Observing people while they are under the effect of psychedelics, and having a therapist there, rather than relying on, for example, self-reporting, may lead to a better understanding of the drugs’ potential therapeutic uses, he said.

“If they’re going in a direction that’s uncomfortable and aversive, the therapists are there to ground them, to help redirect them and bring them back to sort of more positive thoughts that would engender the clinical change that we’re hoping for,” he said.

One of the first studies at the Northwell lab will be on whether psilocybin, a hallucinogen produced by certain types of mushrooms, can treat social anxiety disorder, he said. The 75 people in the study will be divided in three, with one group receiving psilocybin, another THC — the chemical in marijuana that causes a high — and another a placebo, a substance that should have no effect. Participants are not told which they will receive.

The THC will be part of the study because one problem with past research on psychedelics is that subjects could easily guess that they received a placebo because the lack of any reaction. That leads to a potential “placebo effect,” in which the brain convinces the body that a placebo is an effective treatment. Giving a substance like THC that does cause a high will “make it harder for people to tell,” Vadhan said.

Placebos also are essential in cannabis research, where “the placebo effect is enormously high,” said Haney, the Columbia professor.

If, because of the placebo effect, people forgo traditional medicines that have been extensively researched, and instead use cannabis, which lacks solid evidence for many conditions, it could harm their health, she said.

That’s why more extensive research is critical — to determine when cannabis can be effective, why it is effective, and at which doses and for which patient populations, said R. Lorraine Collins, director of the Center for Cannabis and Cannabinoid Research at the University at Buffalo and a public health professor there. It’s also necessary to better understand the harms of cannabis, including on brain development in young people, she said.

Initially, cannabis research at the Northwell lab will focus on how it can help or harm people with mental health disorders, like anxiety and bipolar disorder, which will set it apart from most other labs that study marijuana, Vadhan said. Later research may look at the potential benefits of cannabis for other medical conditions, he said.
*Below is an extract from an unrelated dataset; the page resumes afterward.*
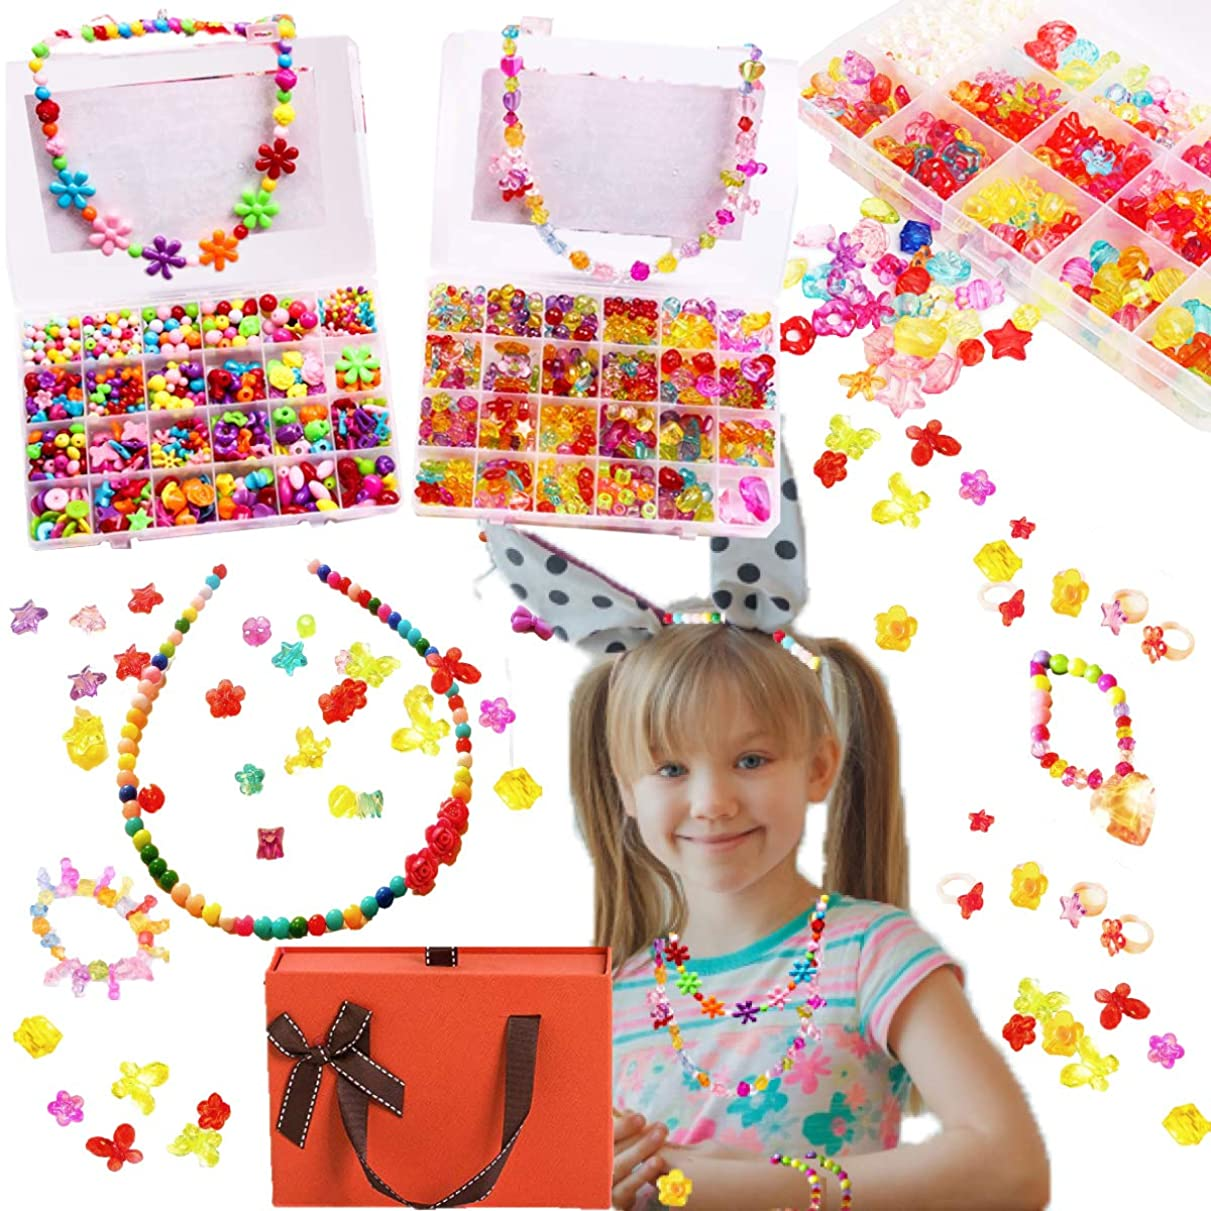 奨学金汚いコンクリート女の子おもちゃ 5歳 6歳 7歳 アクセサリー 作る 小学生 女の子 プレゼント アクセサリー 手作セット <LOVE ジュエリー ビーズキット>
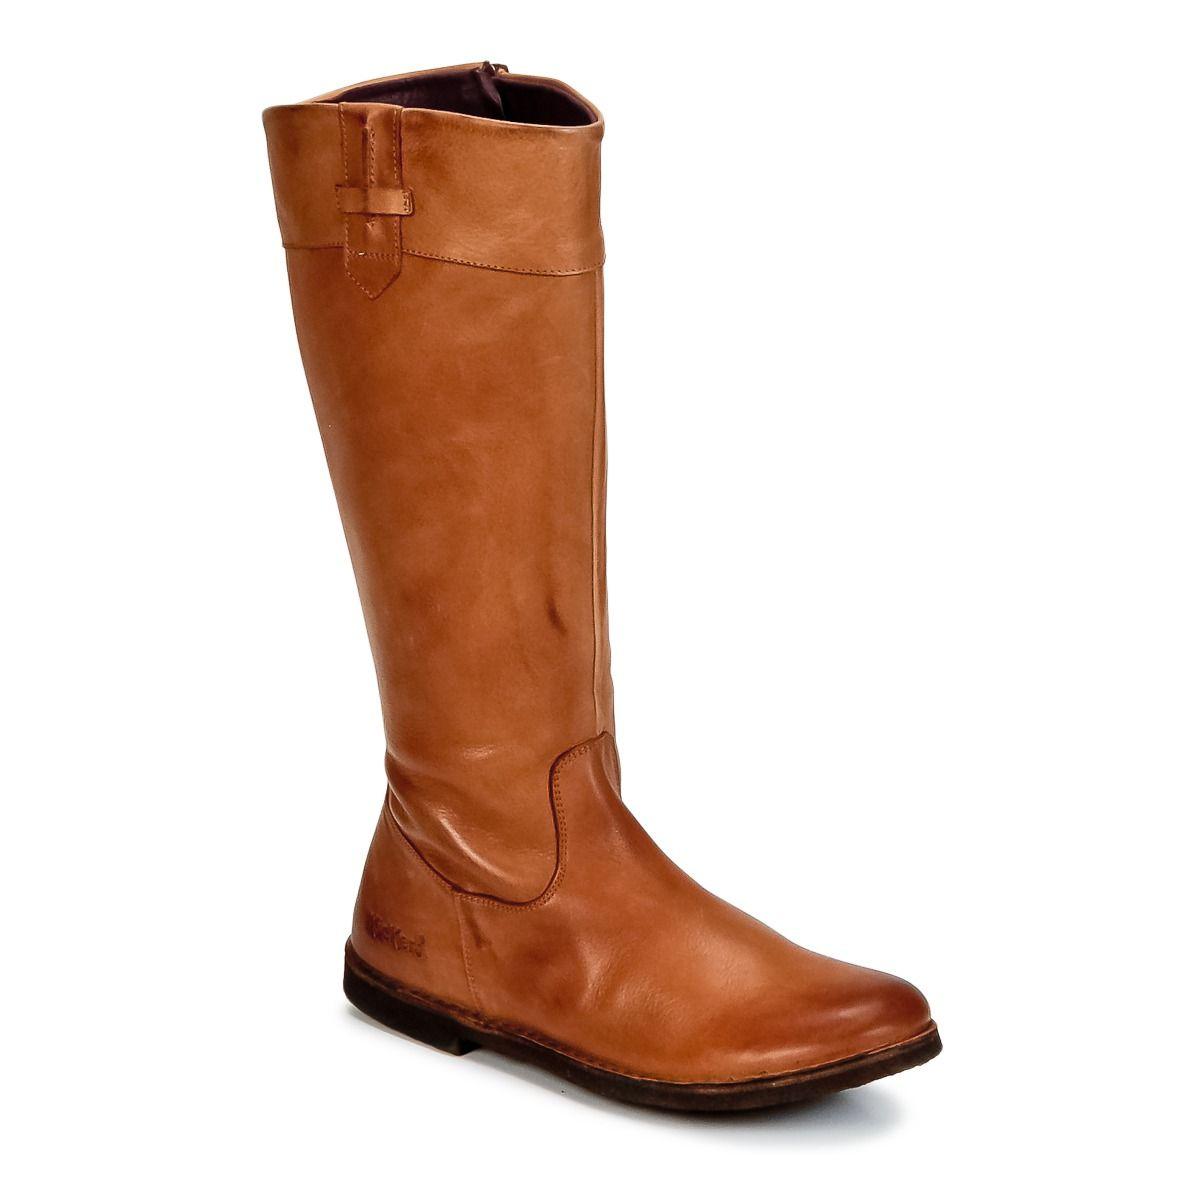 bottes de ville kickers cresus camel prix promo bottes femme

The lab also will examine alcohol use among people with mental illness, who have a higher rate of use of alcohol and other substances than the general public, he said. One goal is to examine what motivates people with mental disorders to drink and use other substances, even though those substances can exacerbate their symptoms, he said.

Cannabis misinformation

The cannabis research is especially important amid widespread beliefs that marijuana helps treat a wide array of ailments, Haney said.

Evidence clearly indicates that cannabis has some medical uses — such as to reduce nausea in people on chemotherapy and to increase appetite — but studies are much less conclusive on combating chronic pain, anxiety and sleep problems, the three most common conditions for which people use cannabis, she said.

Dr. Diana Martins-Welch, director of supportive oncology at Northwell’s R.J. Zuckerberg Cancer Center, has recommended cannabis to more than 2,000 cancer patients over the past decade. The large majority report benefits, including reduced nausea and pain, a bigger appetite, better sleep, and less anxiety.

Martins-Welch’s focus is improving patients’ quality of life, including for those who may only have months to live.

“In hospice care, we’re just looking to help patients live better and be more comfortable,” she said. “I’m not waiting for the data to be produced, because my patients don’t have that kind of time.”

But the lack of extensive research on cannabis prevents some health care providers from recommending it, one reason labs like the new Northwell one are so important, she said. Research also will help physicians like herself who currently recommend cannabis better understand how to best use it to help their patients, she said.

“There’s a lot more that we don’t know than we do know,” she said.